Shared in accordance with the "fair dealing" provisions, Section 29, of the Copyright Act.

 

Are we making too much of a few casualties?

Lawrence Martin, Globe & Mail, 13 Jul 06

 

'What do you guys in the media expect? A war without deaths?"

 

"Uh, no. What's your point?"

 

The point, a senior Conservative was saying, is that if the media keep giving massive coverage to every single death of every single Canadian soldier, support for the Afghanistan mission will be undermined.

 

The public can only take so many stories about the life of some heroic lad or valorous young woman being taken. Why, he wondered, does every single one of them merit Titanic-scale coverage?

 

By comparison, in the two world wars and in Korea, our men died daily, sometimes by the dozens, sometimes more -- and they barely got agate type.

 

But today's Canadians are babes in the woods as far as war goes. We haven't had a good-sized war in half a century. So every fallen soldier is worth many thousands of words.

 

The problem, the Conservative was saying, is that you don't win wars that way. You lose them because you sap the hell out of public morale.

 

The tiny numbers of casualties, in fact, are a more persuasive argument that the war is going well as opposed to vice versa. But you'd never get that impression. Many Conservatives are wondering, and many in the military as well, if the gusher-coverage is ever going to stop. When will the media give as much prominence to the numbers of the enemy dead as our own?

 

News is defined by the degree of novelty. Some day, maybe soon, editors will decide that one soldier being struck down isn't such big news any more. It's war. It happens all the time. The young enlist with the risk.

 

At the same time, no one can be callous enough to deny the fallen their special standing. Most are kids. They have been indoctrinated -- as soldiers are everywhere -- into total faith in their mission and have not had the time in life to draw a sophisticated understanding of what it is really all about. They are, in a sense, sacrificial lambs.

 

The media judgment in regard to them is subjective. There are few standards or set rules or formulas. War being so unusual for modern Canada, the public appetite for the big spread on every killed corporal is there. One of the recent losses was a woman. A unique story. Another, this week, was a soldier who didn't appear to buy completely into the military party line.

 

But, at the same time, there is a big responsibility not to oversell small numbers of deaths. In terror, and in war, if you overreact to losses, the enemy wins.

 

The Harper government is right to be concerned about the coverage and right, if it is excessive, to want it limited.
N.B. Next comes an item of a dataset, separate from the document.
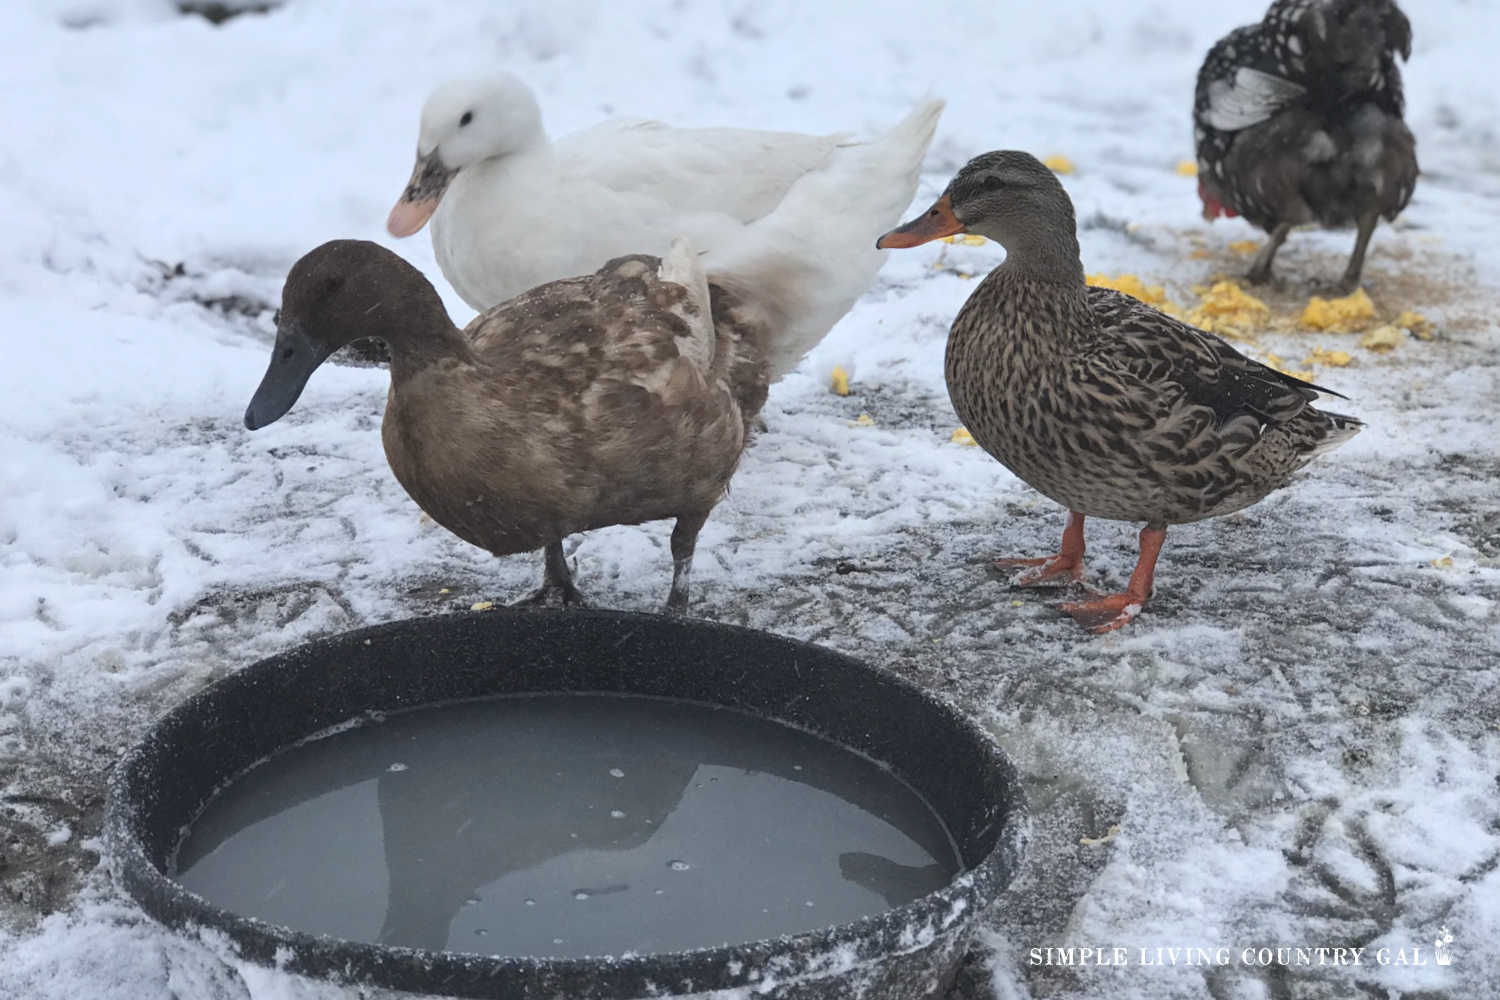 Keep your ducks healthy and happy this winter with a simple winter duck care checklist

It is the one policy area in which the Conservatives are most vulnerable. Mr. Harper has one great fear. It is that Afghanistan, in all its hopelessness, becomes the defining issue of his stewardship.

 

The Conservatives made a snap decision, politically motivated, to extend the mission and force an early vote in Parliament. There was no necessity for that rush to judgment. They closed off alternative paths. They set a potential trap for themselves.

 

Mr. Harper is a realist, an independent thinker. He is one of the least likely of leaders to be bulldozed by propaganda and locked in a fantasy world. We observed this last week in the adroit way he handled George W. Bush on his visit to Washington. No public happy birthday wish, no Georgie to match the "Steve," and a sizable public rebuke of the President. He told the U.S. leader that by introducing passports at the border, his government risked building a closed society and playing right into the terrorists' hands. It's not often that a Canadian leader has stood in the White House and been that bold.

 

Mr. Harper knows the scale of the calamity in Iraq. He can see far enough beyond the predictably Pollyannaish assessments of Chief of Defence Staff General Rick Hillier to know that the chances of winning in Afghanistan are increasingly bleak.

 

He can appreciate that if a handful of deaths can cause such a media outburst, imagine what might happen if the numbers become truly serious.

 

He's too smart, too aware, too strategically minded to let his government get dragged down by Afghanistan. But staring him in the face are his own celebrated words: "We're not going to cut and run." It doesn't leave him with much in the option box.